PROBLEM DESCRIPTION
Please restate every line below exactly, without any pictures.

RECORDED DATA
--- --- ---

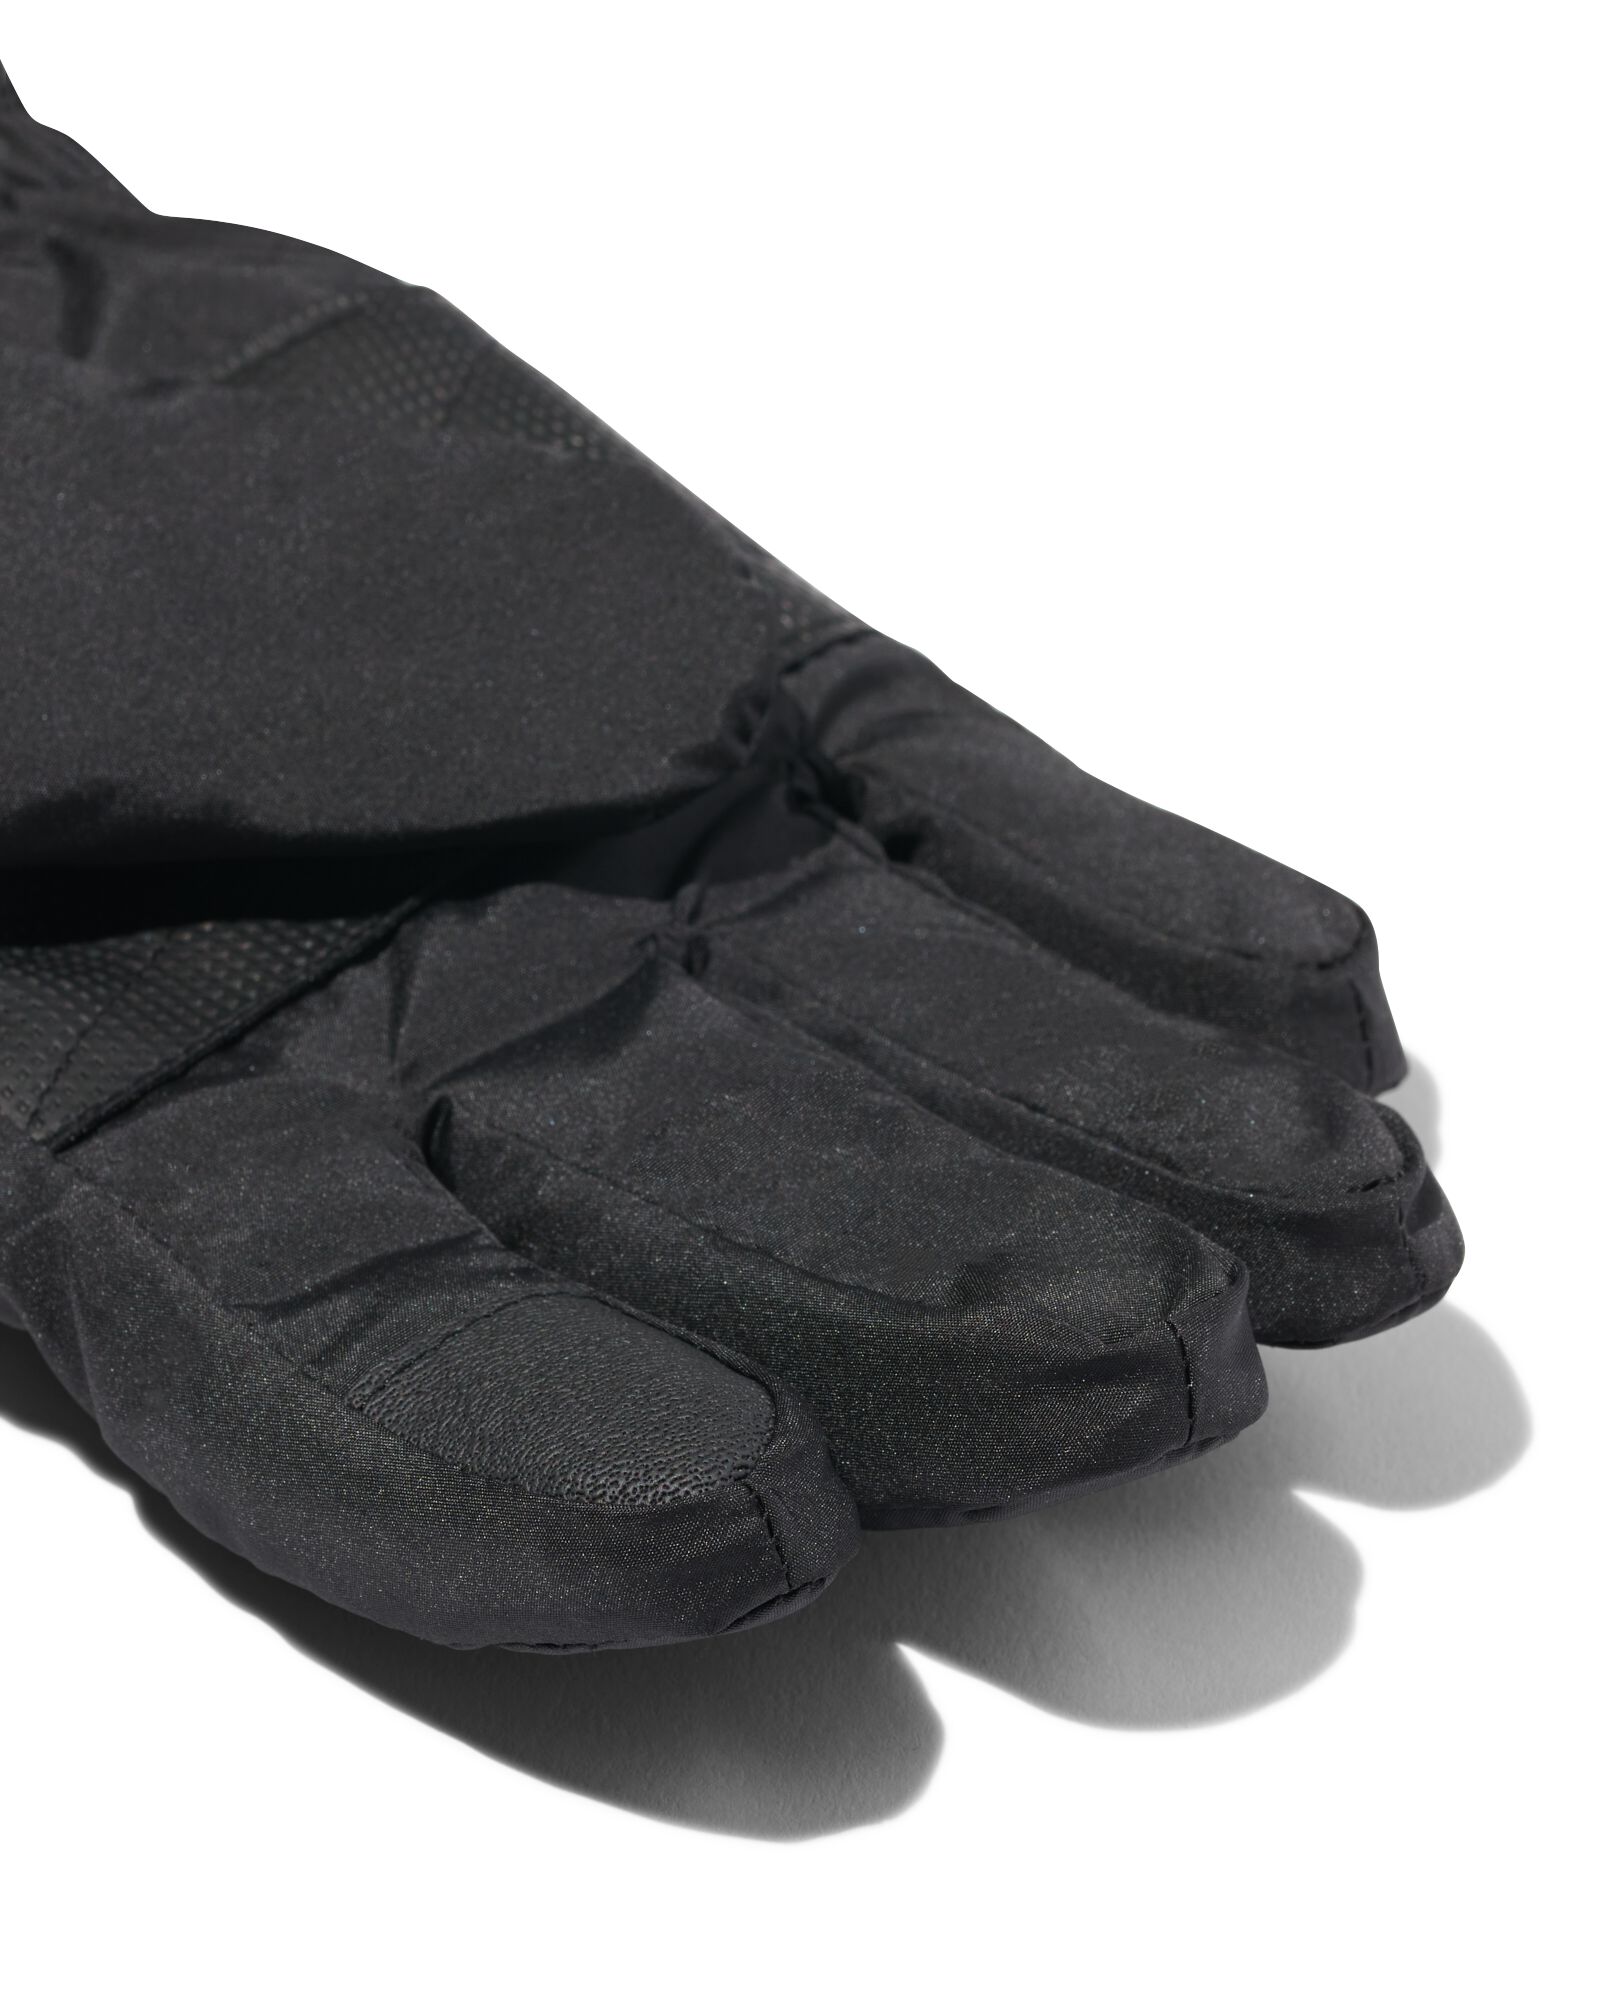 kinder handschoenen waterafstotend met touchscreen zwart 122/128 - 16711632 - HEMA
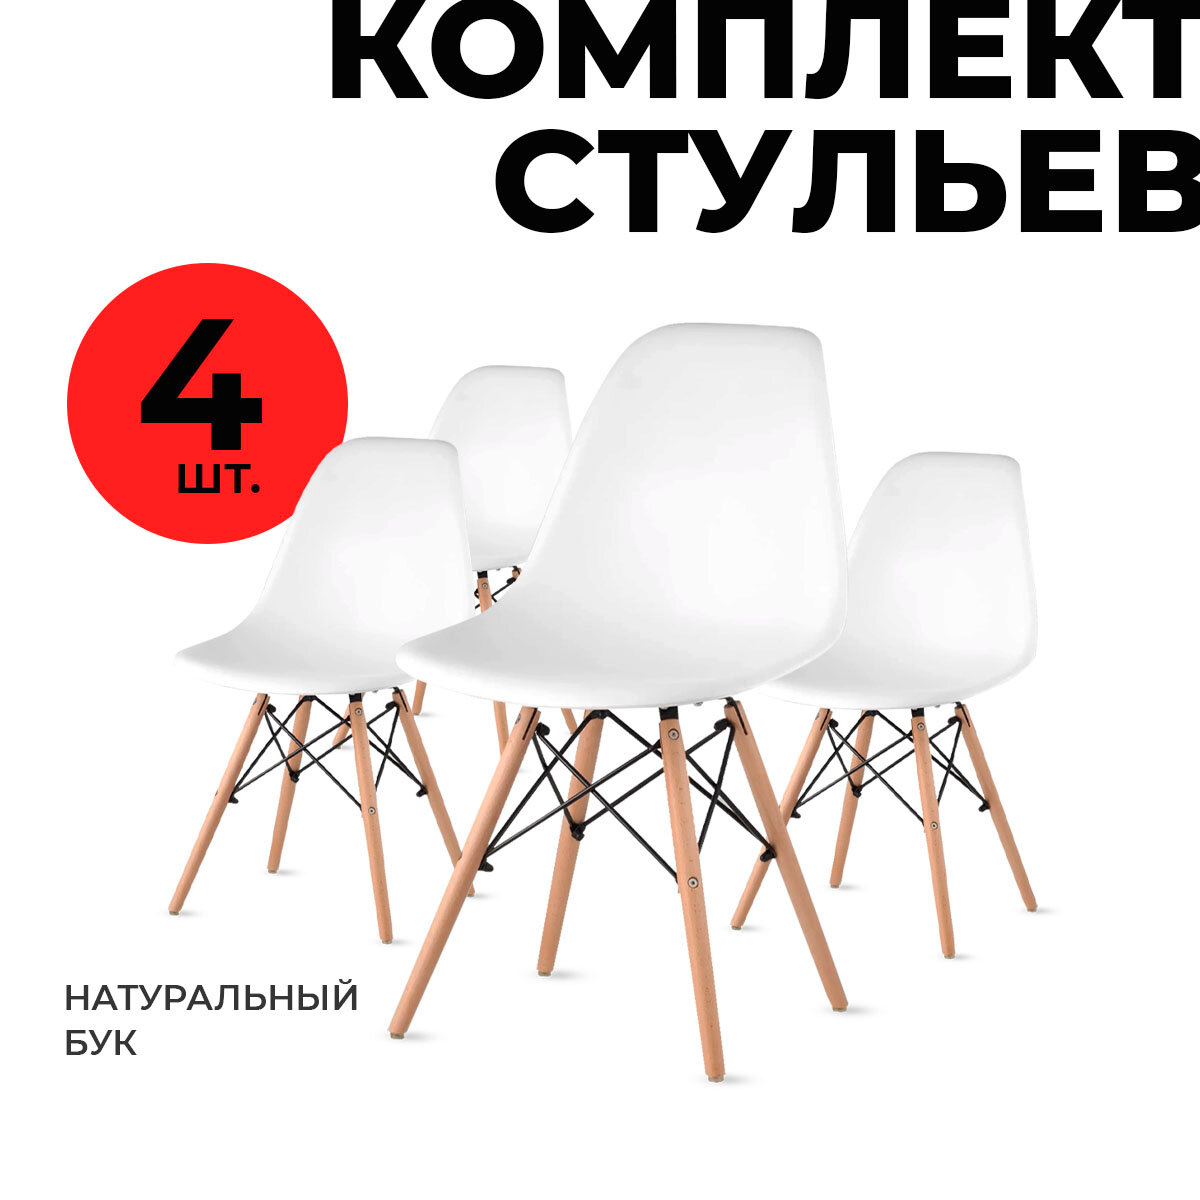 Набор стульев со спинкой LuxAlto 4 шт. со съемными чехлами бордовый
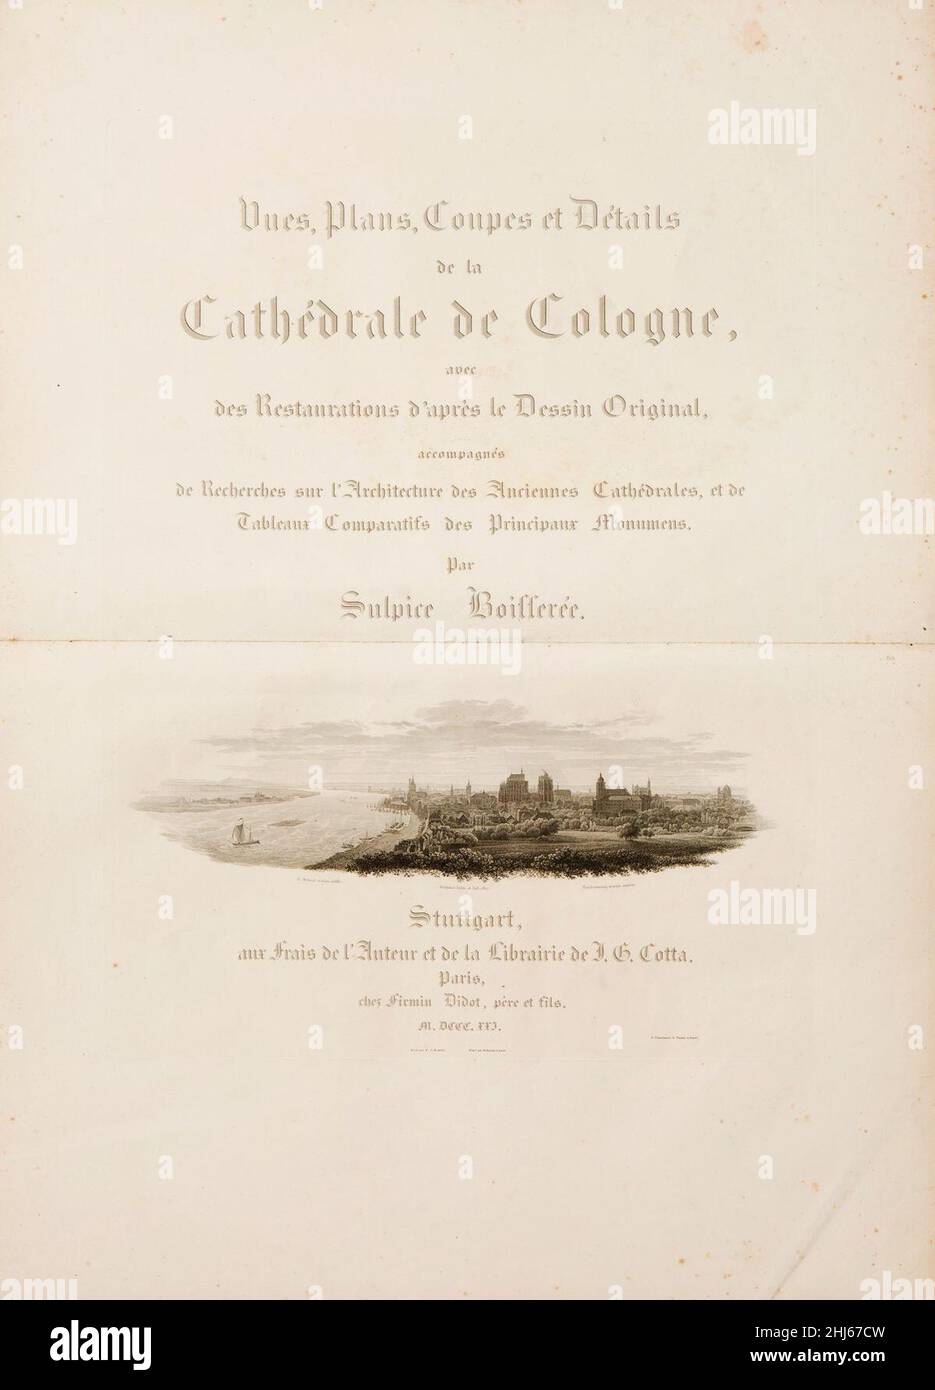 Sulpice Boisserée, Vues, Plans, Coupes et Détails de la Cathédrale de Cologne, planche I (page de titre). Stock Photo

--- --- ---

OUTPUT FOR THIS TASK
 kinder handschoenen waterafstotend met touchscreen zwart 122/128 - 16711632 - HEMA
 Набор стульев со спинкой LuxAlto 4 шт. со съемными чехлами бордовый
 Sulpice Boisserée, Vues, Plans, Coupes et Détails de la Cathédrale de Cologne, planche I (page de titre). Stock Photo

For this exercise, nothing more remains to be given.